■ WHAT YOU ARE ASKED TO DO
Would you retype exactly the lines from the one holding "Barefoot-Bowls-Homepage-Slider-D3" through the last line of the listing, and only those, without pictures?

■ DATA EXCERPT
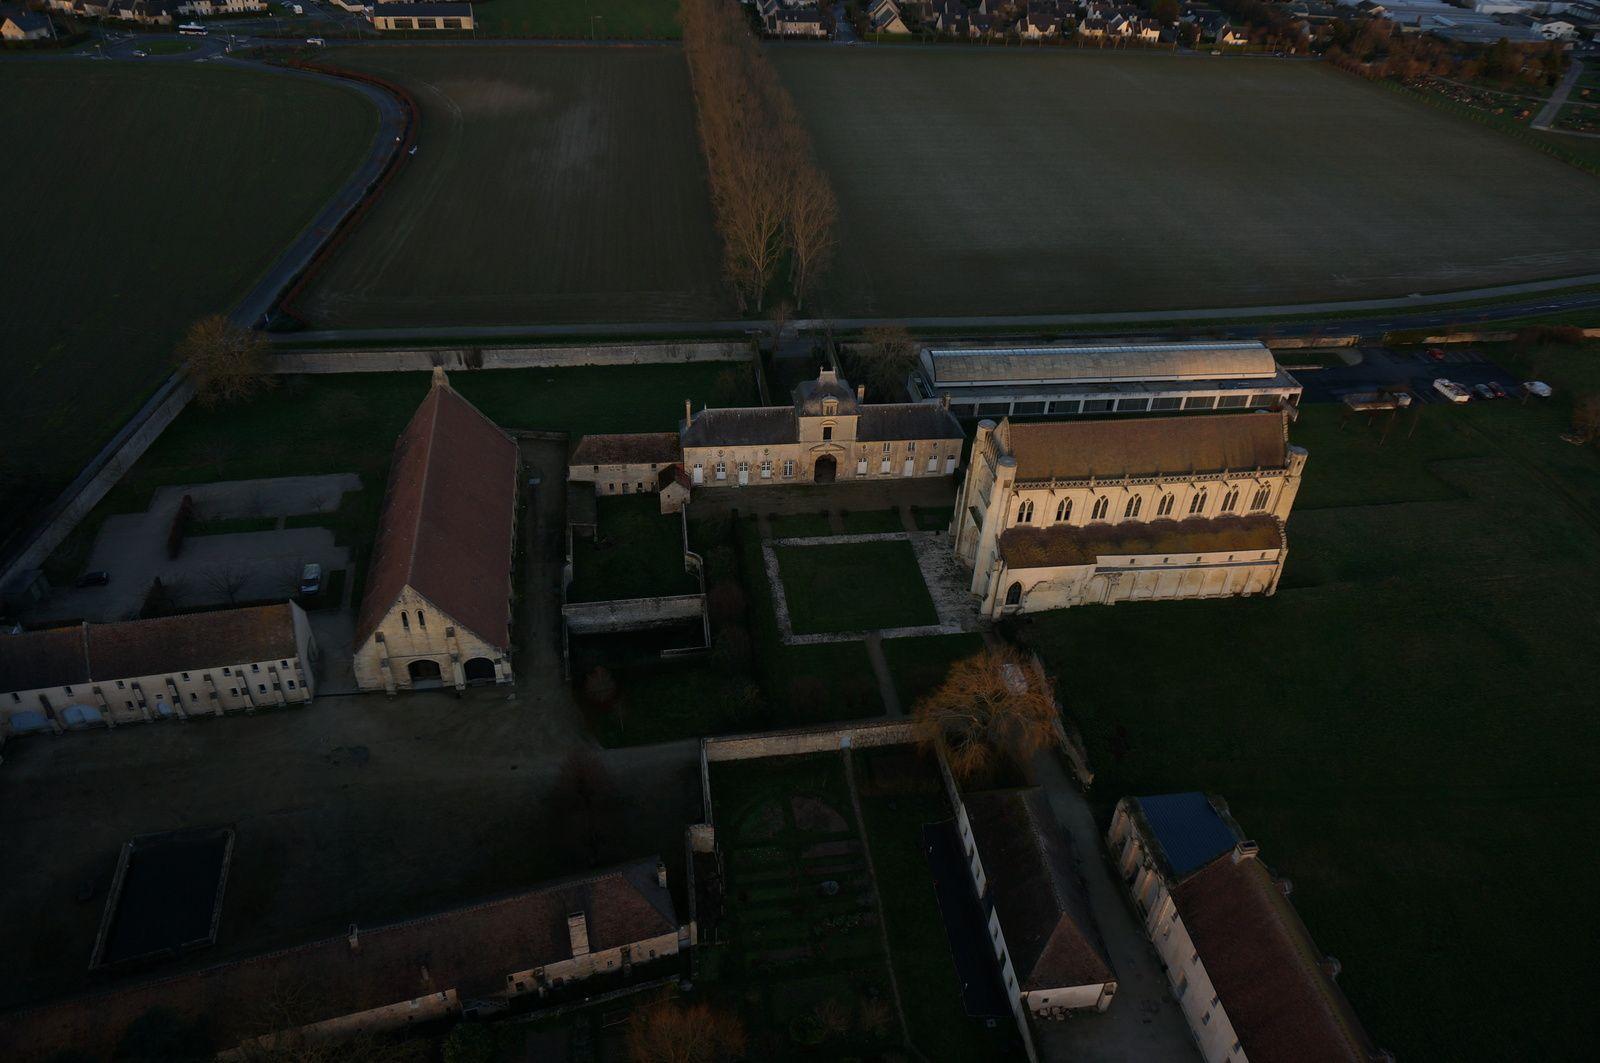 Les bâtiments de l'Abbaye d'Ardenne. Photo aérienne François Monier 26 décembre 2013
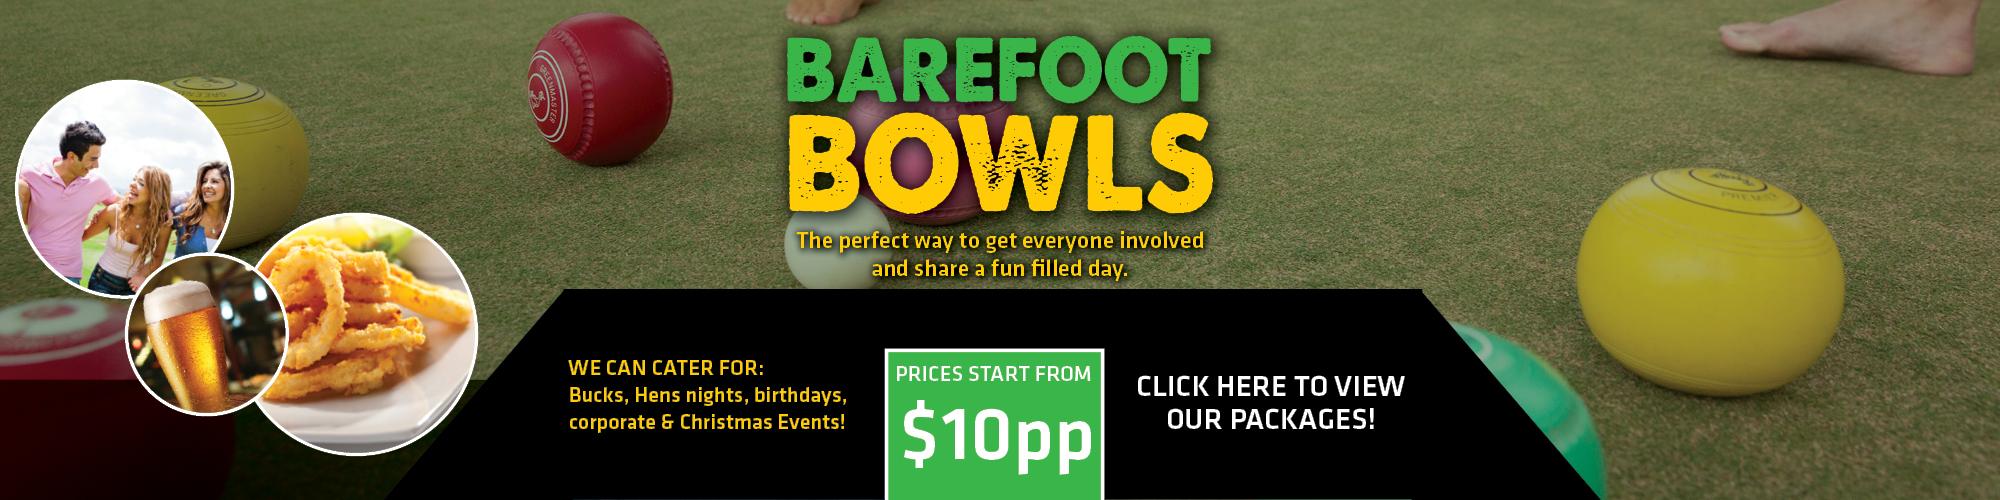 Barefoot-Bowls-Homepage-Slider-D3
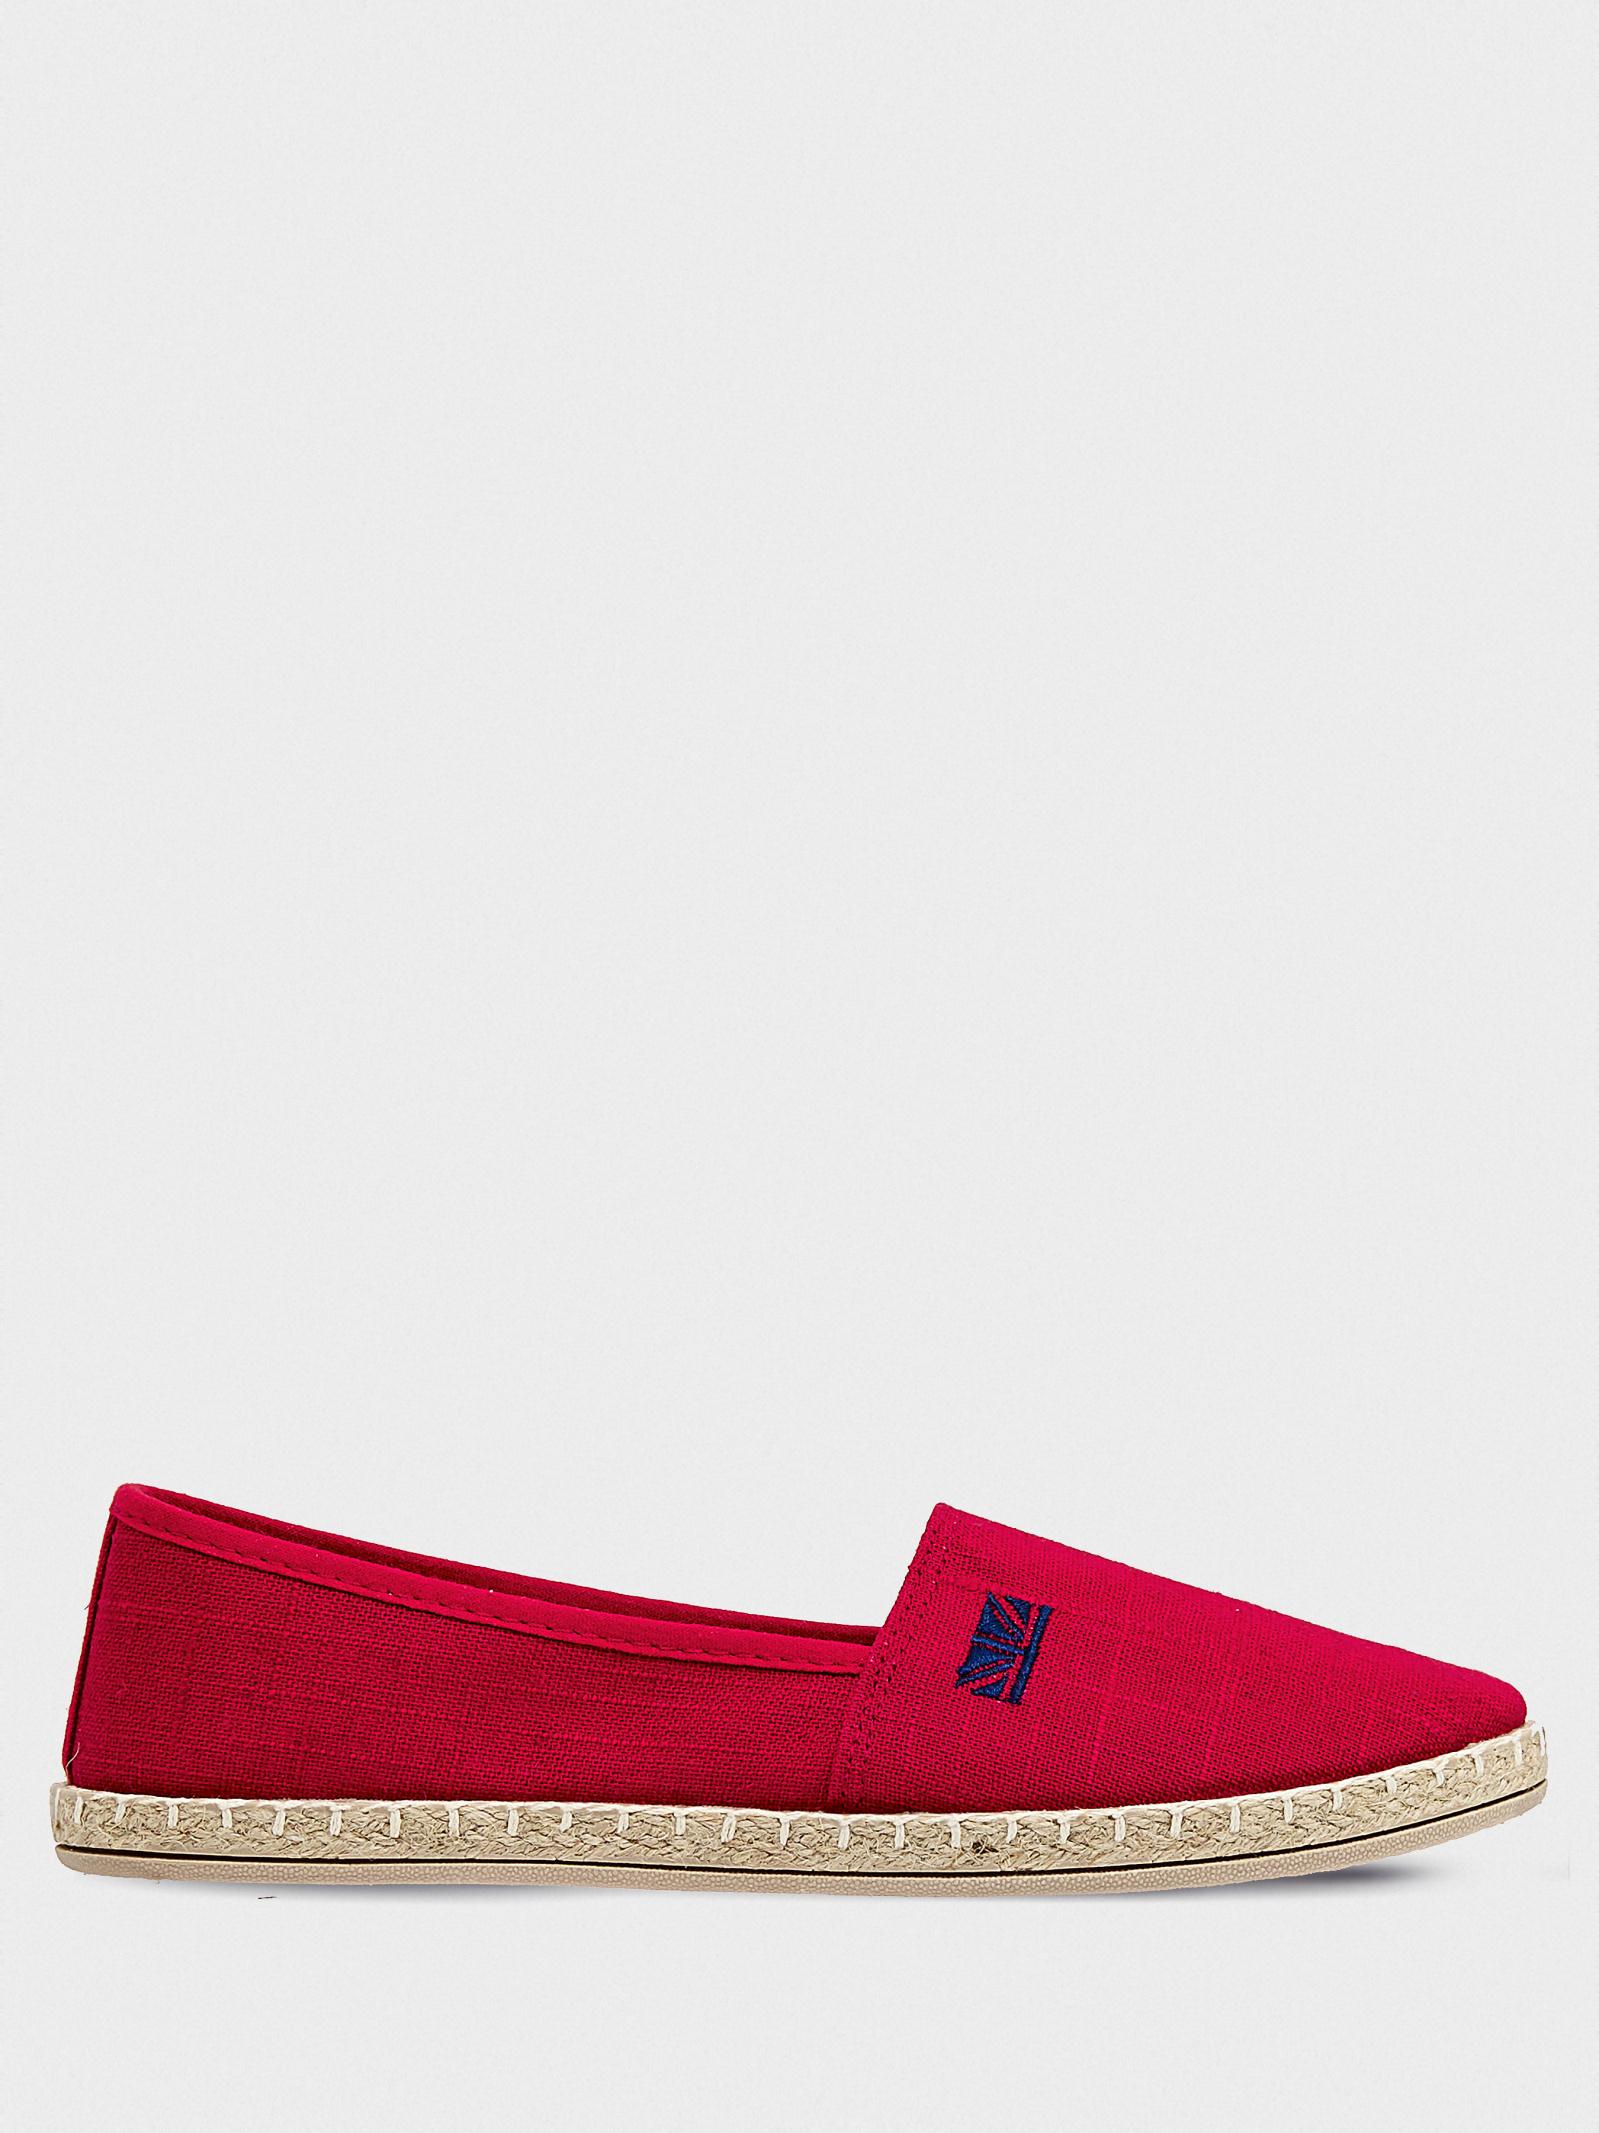 Сліпони  для жінок Crosby 407352/01-04 модне взуття, 2017
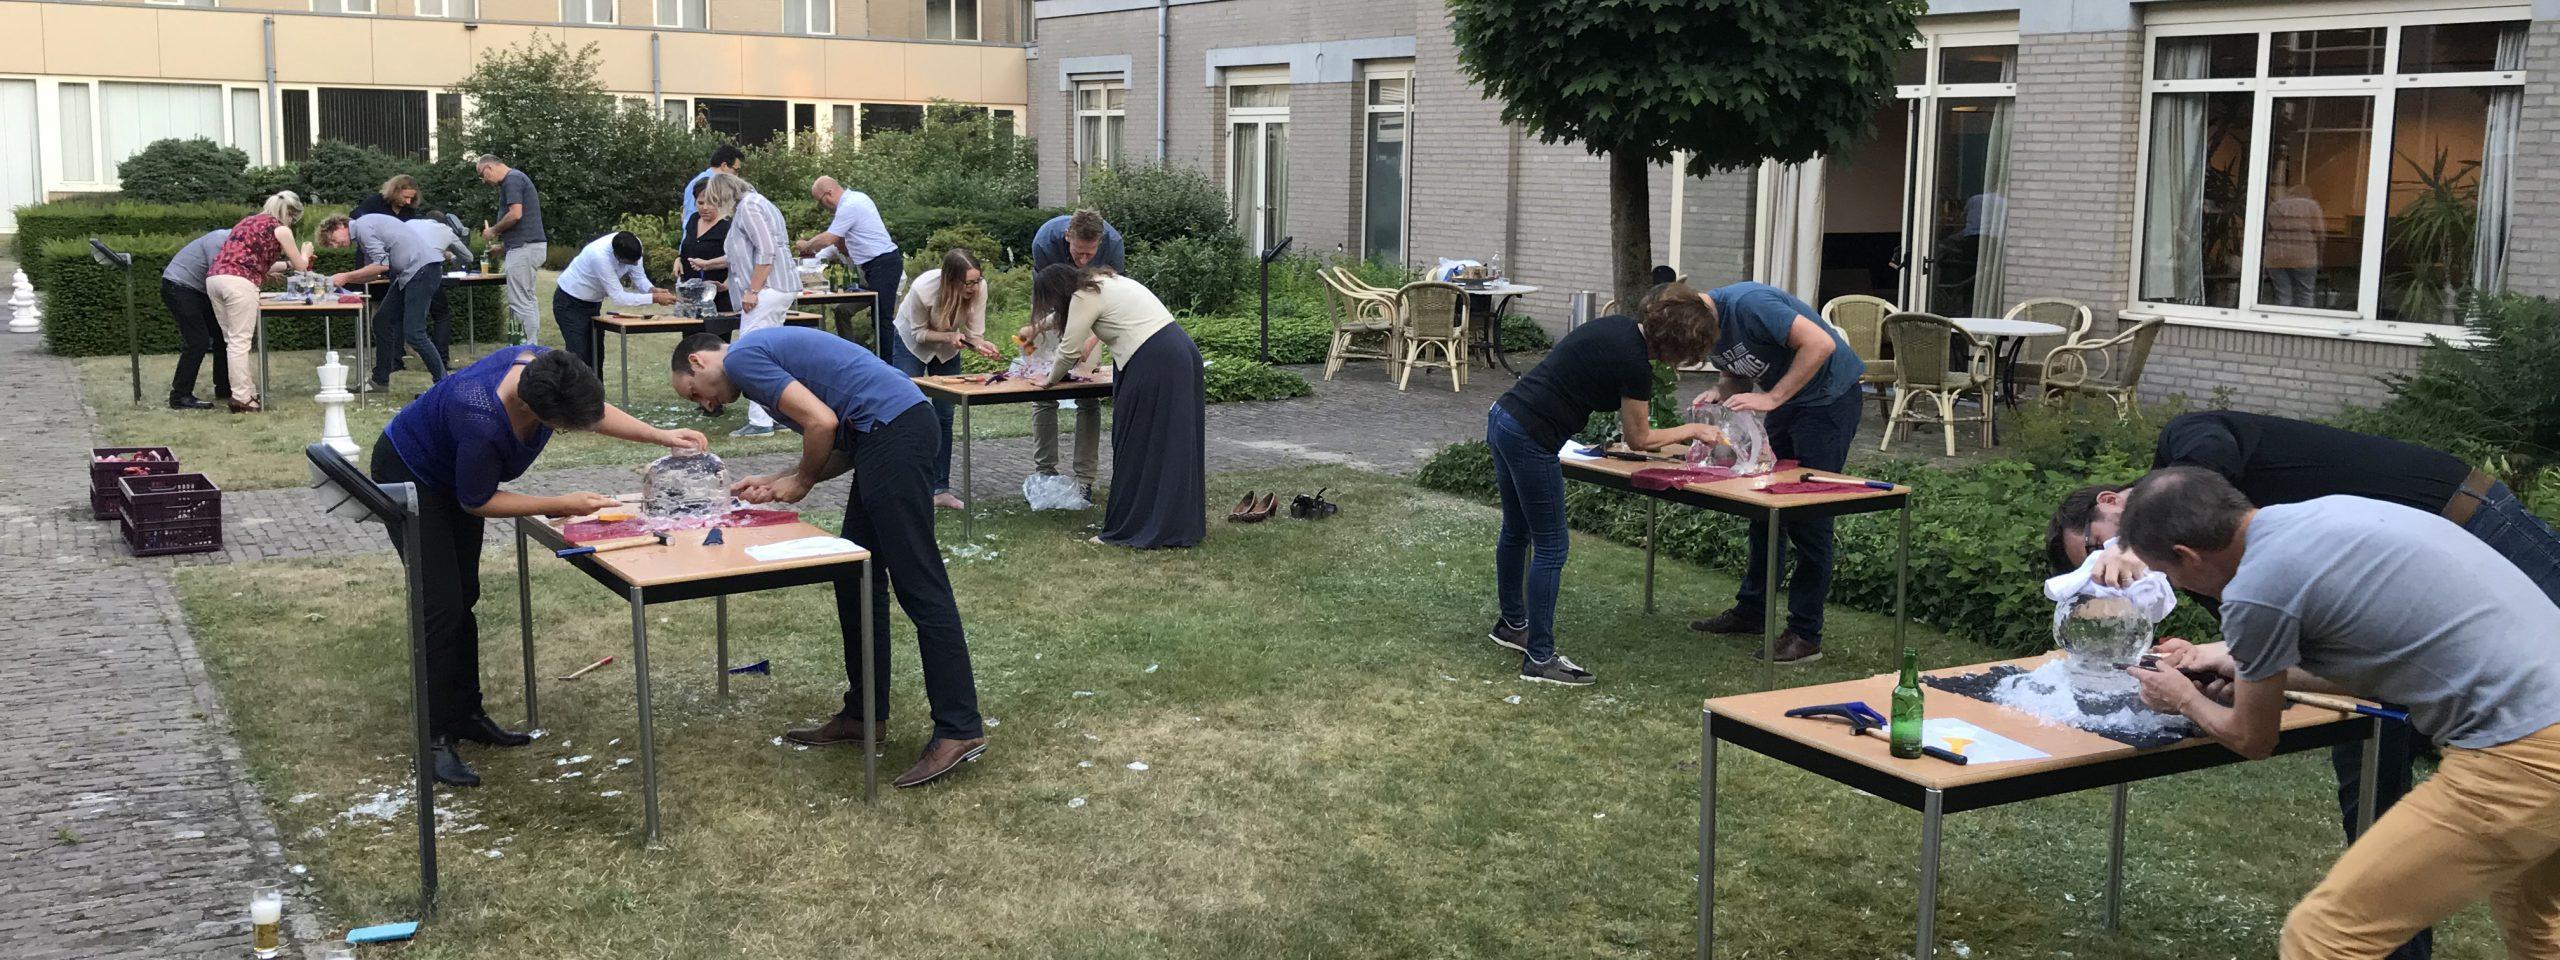 workshop-eindhoven-personeels-uitje

■ RESPONSE TO THIS EXERCISE
 Barefoot-Bowls-Homepage-Slider-D3
 Сліпони  для жінок Crosby 407352/01-04 модне взуття, 2017
 workshop-eindhoven-personeels-uitje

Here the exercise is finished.